In my situation, there was no way for me to prove my friends genuinely didn’t know they couldn’t edit the post. Similarly, we’ll never log into our email recipient’s account to check if he really didn’t get that email. We have to live with uncertainty, and in the meantime, try to reign in our cynicism. The internet is clouded with strange ambiguity, and as long as we’re lacking evidence, our suspected deception will remain speculation rather than confirmation.
For better or worse, we have internalized that these daily events are mostly minor offenses. We don’t want to make waves or accuse others every time we feel that doubt. But I believe confrontation on this front is occasionally warranted. I don’t regret having been direct with my friends; repressing ourselves when an offense, like exclusion, is clear will only lead to more anxiety. Judging whether confrontation is appropriate, it seems, is just one of our many balancing acts.

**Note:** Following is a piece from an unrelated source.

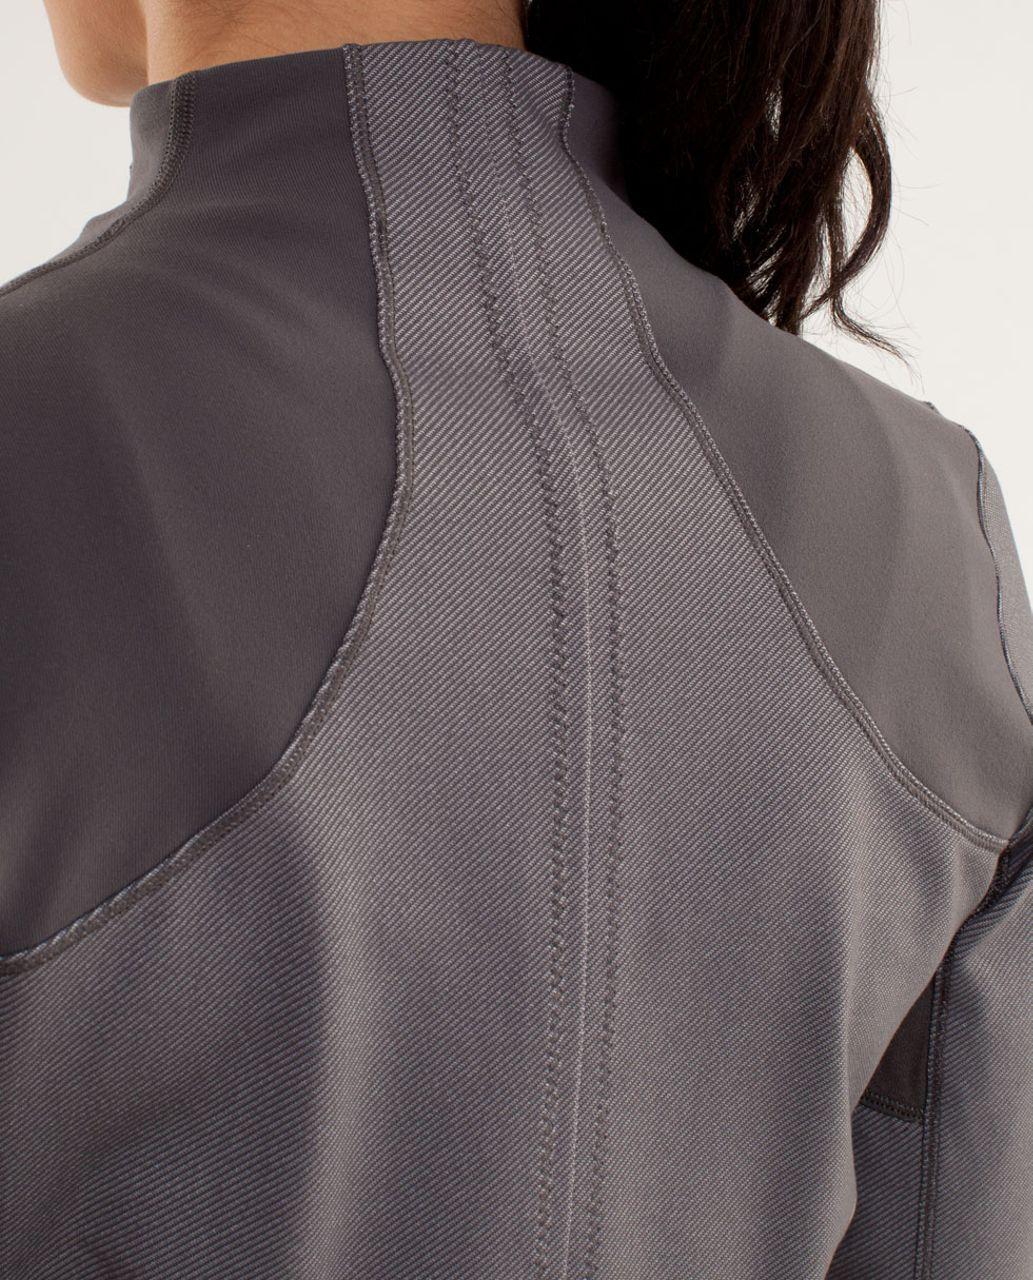 Lululemon Forme Jacket - Soot Light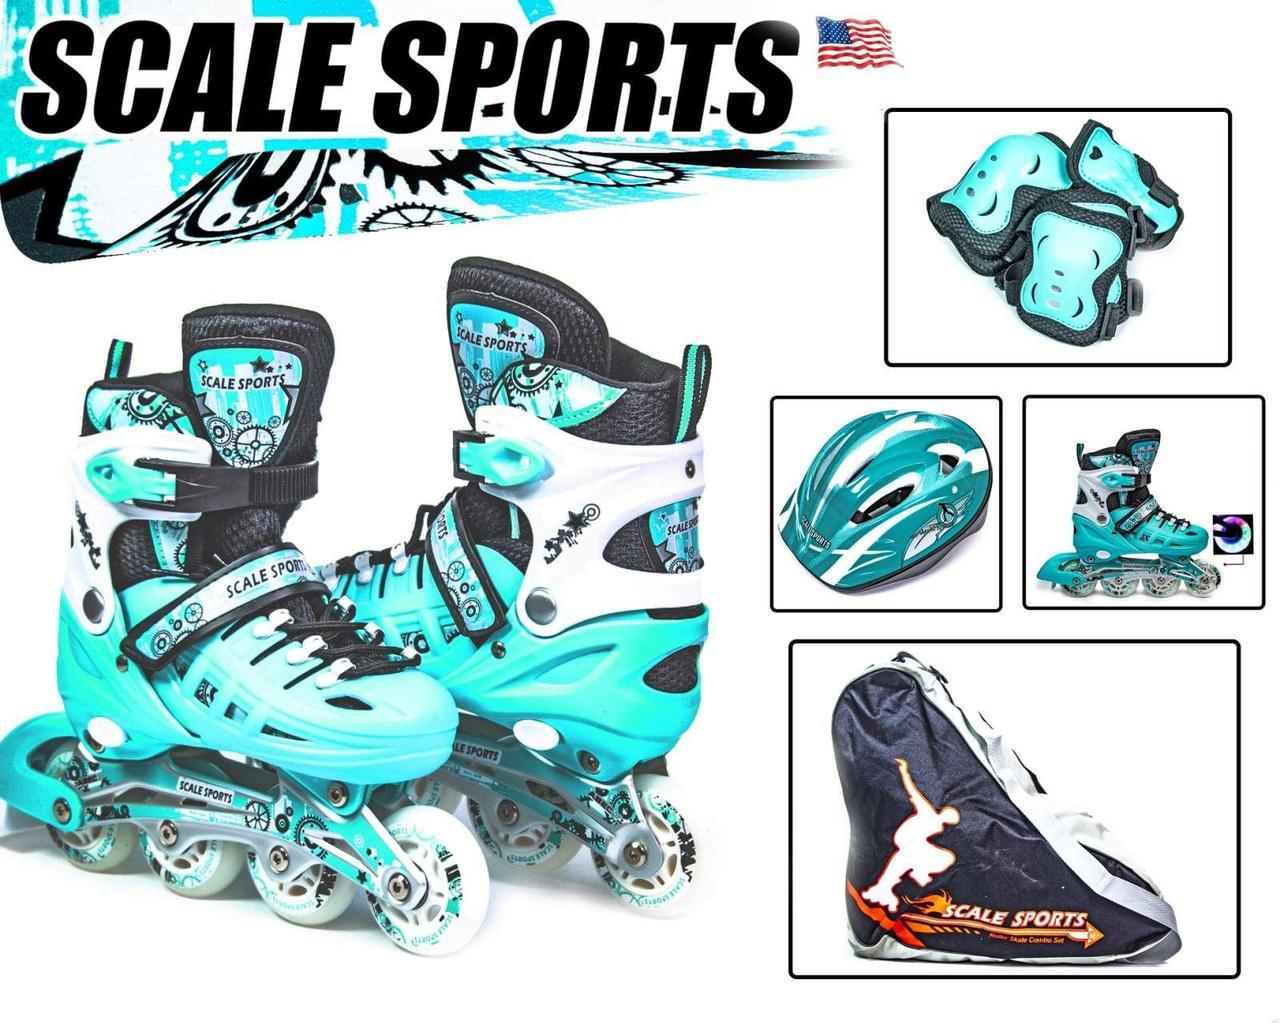 Комплект Ролики, Защита, Шлем Scale Sport. Бирюзовые, Размер 30-33

All said, it may be unnatural how much we monitor each other. Perhaps we know and share too much. Regardless, engagement requires accountability. We can receive so much information and education from the internet; we can share our lives and connect so easily through social media. These are, no doubt, enormous privileges.
But with great knowledge comes great responsibility. A resource that allows for connection and opportunity is a gift, but we cannot expect to take without giving. Nor can we be selectively accountable. With summer internships, job applications, or schoolwork, we are at our most responsible – we let ourselves down when we fail to be.
Our sense of duty relaxes, though, when it comes to what we owe others. Their disappointment in our actions, or lack thereof, is virtually painless to us when we aren’t looking them in the eyes. And when we are faced with a human rather than a contact, it’s easier to evade conflict altogether. But if we’re capable of one difficult task, we must be of the other. We should grant, if not more, just as much importance to humanity as we do our personal objectives. Ultimately, our own successes will be worthless if we don’t preserve the human relationships that make life truly rich.
So complete honesty is too much to ask for, and it might even go against our nature. Increased accountability and estimation of others, however, especially when we have nothing to gain – now that would be an earnest goal.
Serena G. Pellegrino ’23 is a resident of Lowell House. Her column appears on alternate Fridays.